Меняли деревянные пирамидки, железные таблички на солидные, достойные надгробья: "Рядовой Скапенко Н. Г. погиб 11/I-44 г.", "Рядовой Голенко А. Н. погиб 11/I-44 года", "Рядовой Дытынко М. Н. погиб 12/I-44 года".
У входа на кладбище встал солдат с поднятым в небо автоматом. На постаменте перечисление: "Рядовой Сазонов Иван, погиб 3/III-44 года", "Капитан Степанян Грант Тигранович", "Рядовой Артюх Михаил Данилович", "Герой Советского Союза Мусаев Саадул Исаевич, рождения 1921 года"… Всех мне не перечесть, и в списке на мраморной доске не все перечислены, всех здесь захоронено около пяти тысяч, а посреди кладбища отдельно старик, который как бы усыновил их, мертвых, не дошедших до большой Победы, одержавших только свою, местного значения, освободивших город Керчь.
Старик был награжден медалью "За доблестный труд". Я не знаю больше ни одного человека, награжденного за подобный труд. Но, наверное, они еще есть, такие люди. Движет ими то ли долг, то ли жалость, то ли ответственность за чужих детей, оказавшихся в беде на твоих глазах, а вернее, все вместе свойственно народному характеру.

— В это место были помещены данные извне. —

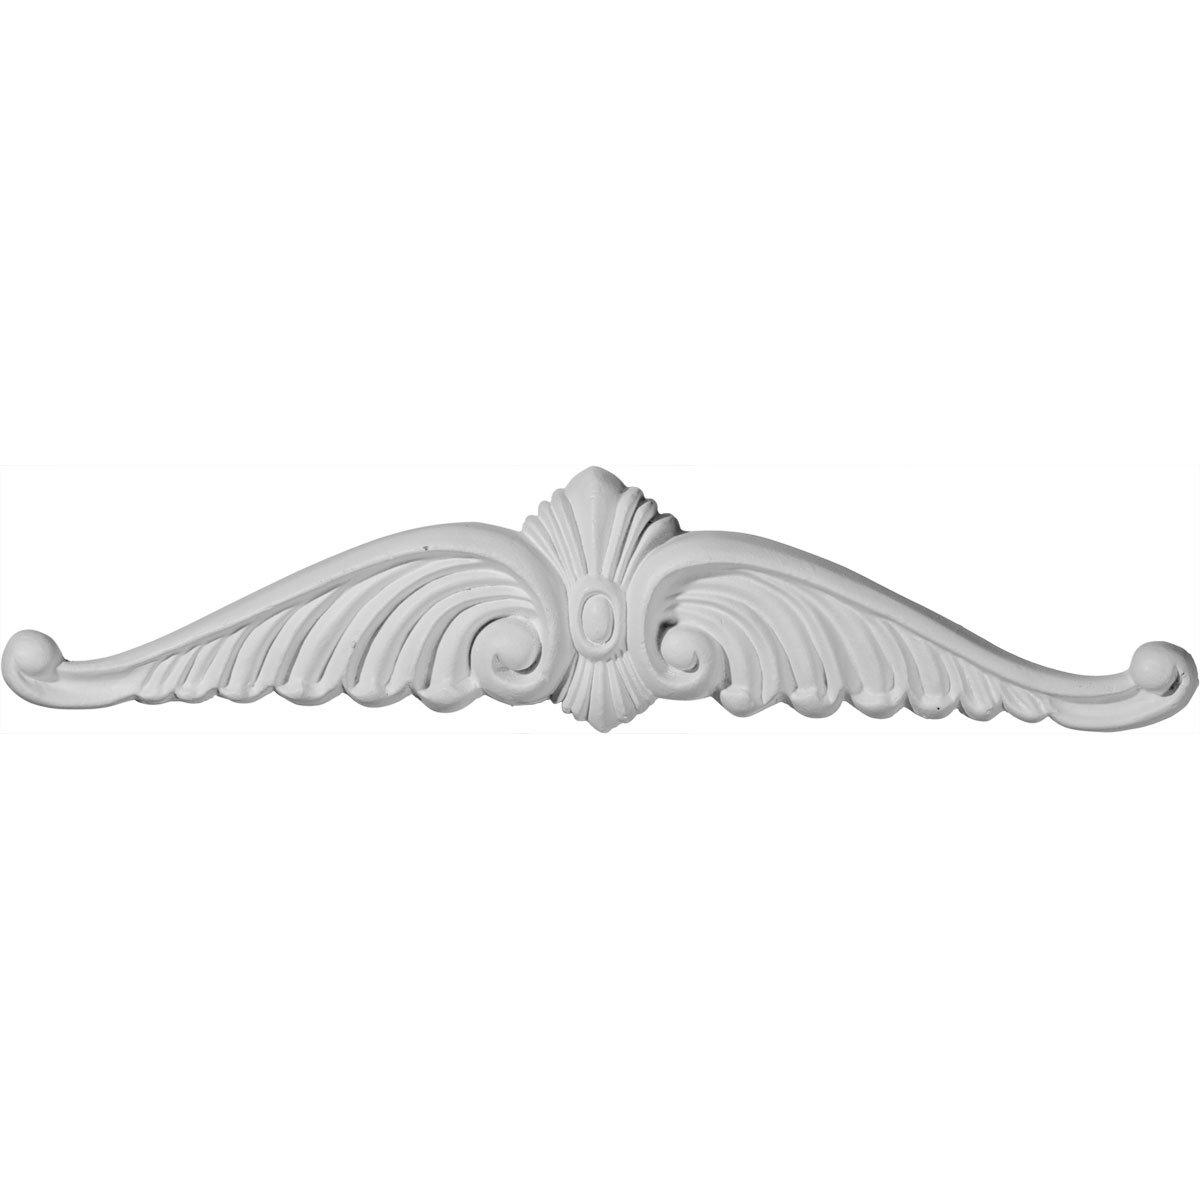 Ekena Millwork ONL10X02X01WI 10 5//8 W X 2 1//4 H X 3//4 P Wings Center Onlay

…Мы уезжали, оглядываясь на высокие деревья, на дом, калитка которого открывается прямо на кладбище, как в огород. У калитки стояла женщина, дочь Ярославского Прасковья Мефодиевна, разговаривала с приезжими. В новой школе звенели высокие и неумелые детские голоса: шел концерт для гостей. И та женщина, рассыпавшая зерно перед бетонными голубками, тоже сидела, слушала: "Эх, дороги, пыль да туман, холода, тревоги да степной бурьян…" И она представляла, как идет вот здесь по каменистой, заросшей кураем долинке мальчик с широкими бровями, которому можно было жить еще тридцать лет и еще столько…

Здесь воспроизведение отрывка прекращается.